Sometimes synchronicities occur like little ripples riding to shore. For example, the morning after I posted my last entry (004: "There Once Was a World"), in which I mention congregation Emanu-El B'ne Jeshurun in Milwaukee, I was about to sit down to meditate, when the phone rang. It was a telemarketer. I went back to my chair. About 10 seconds later, the phone rang again. I almost didn't answer it but decided on impulse to pick it up. To my great surprise, it was the wife of Rabbi Herbert A. Friedman, my beloved childhood rabbi, who conducted my bat mitzvah at Temple Emanu-El nearly 50 years ago (find his remarkable autobiography here). Rabbi Friedman is 89 years old now, and was not able to make the call himself, but his wife wanted to thank me for the prayer book I sent him, so she just decided to pick up the phone, which I almost didn't answer . . .

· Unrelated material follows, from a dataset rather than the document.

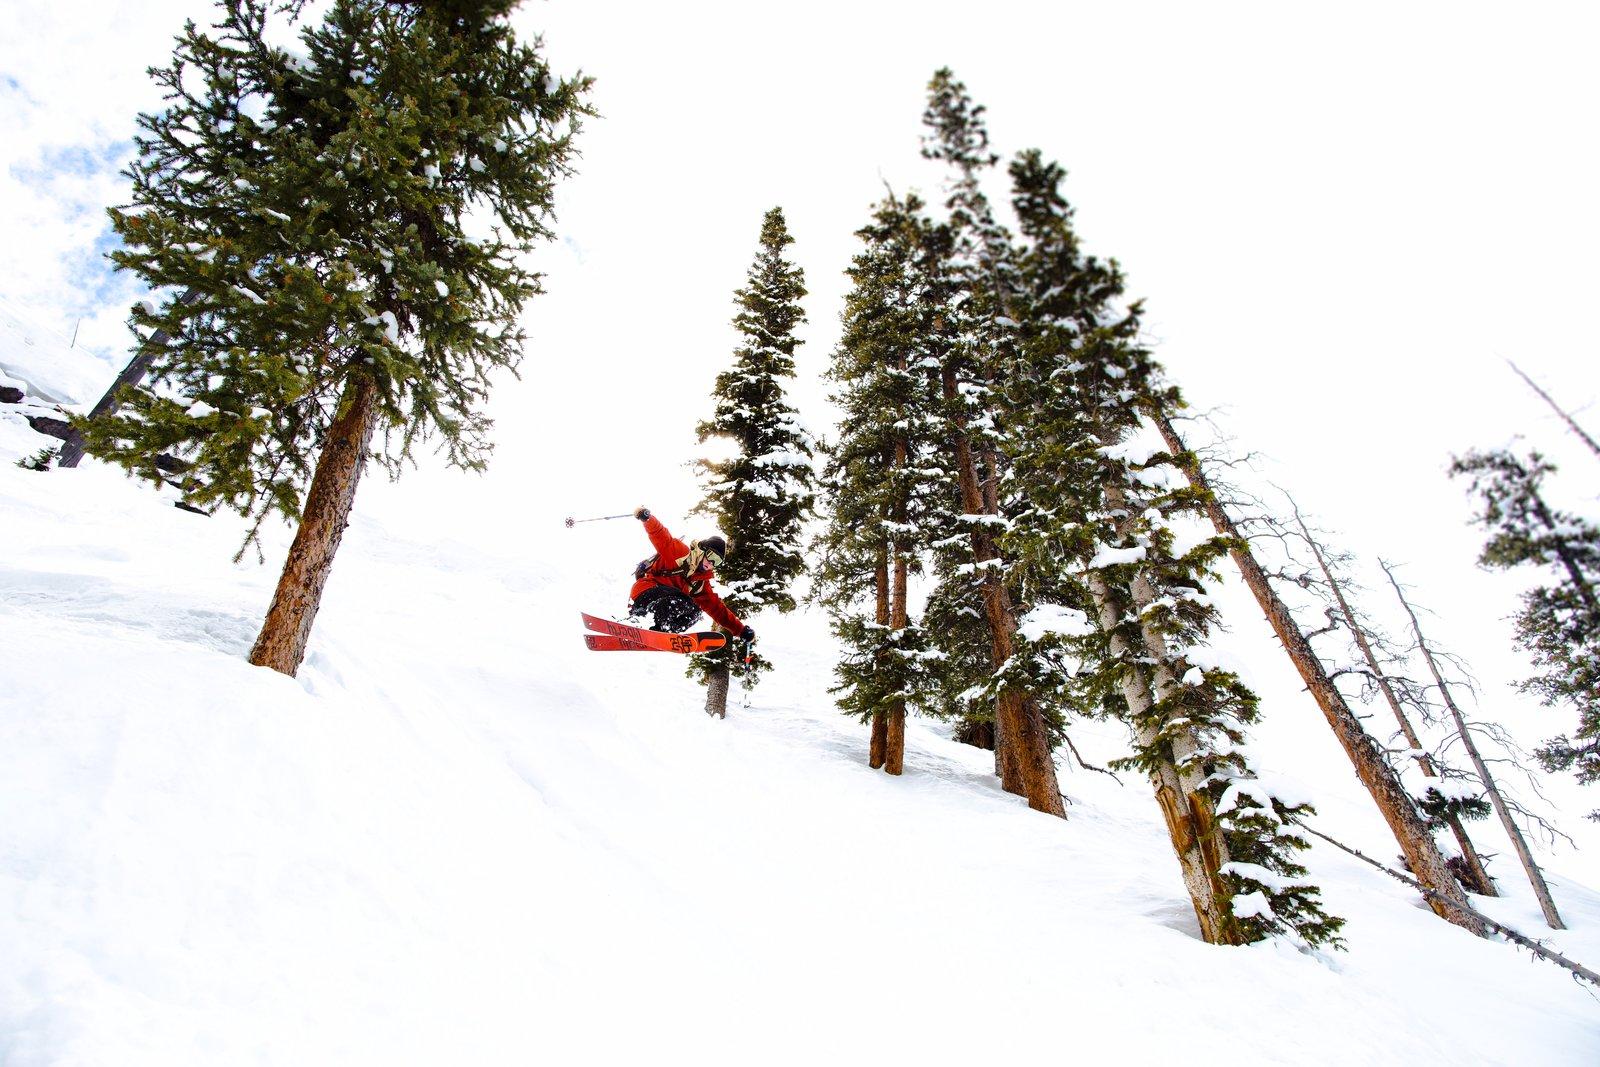 Winter hype

Then this morning another ripple: After Shabbat services I was walking back to the parking lot when a young man I hadn't spoken to in a long time (I'll call him Rick) was walking behind me and called out my name. He asked me how I was doing. I told him that I was thinking about this morning's Torah portion—the part when Moses balks at God's assignment to speak to the people, but God tells him to just do it and God will tell him what to say.
I told Rick that I was thinking about this because I've been doing a lot of public speaking about my book lately, and I never know exactly what I'm going to say until I say it, and even when I carefully plan a talk, I often say something entirely different. Rick said he gives talks that way, too, and then asked me what my book was about. I told him about my being estranged from my son, Adam, for more than 11 years and then finding a 19th-century prayer book, called Hours of Devotion, that contained a prayer for a mother who was missing her son. I told him that within about six weeks of finding that book, Adam was back in my life—in part, because that prayer had given me the courage to reach out to him again.
"I was estranged from my mother for more than 11 years, too—12 years, actually," Rick said.
"Really?" I replied. Ever since the book came out four months ago, many people have confided their personal stories of estrangement, but virtually all of them have been parents, or relatives of parents. This is the first time I'd encountered a young person who went through what my son did—and under very similar circumstances.
He said he would read my book. I gave him my card. Maybe we'll talk. We'll let God tell us what to say.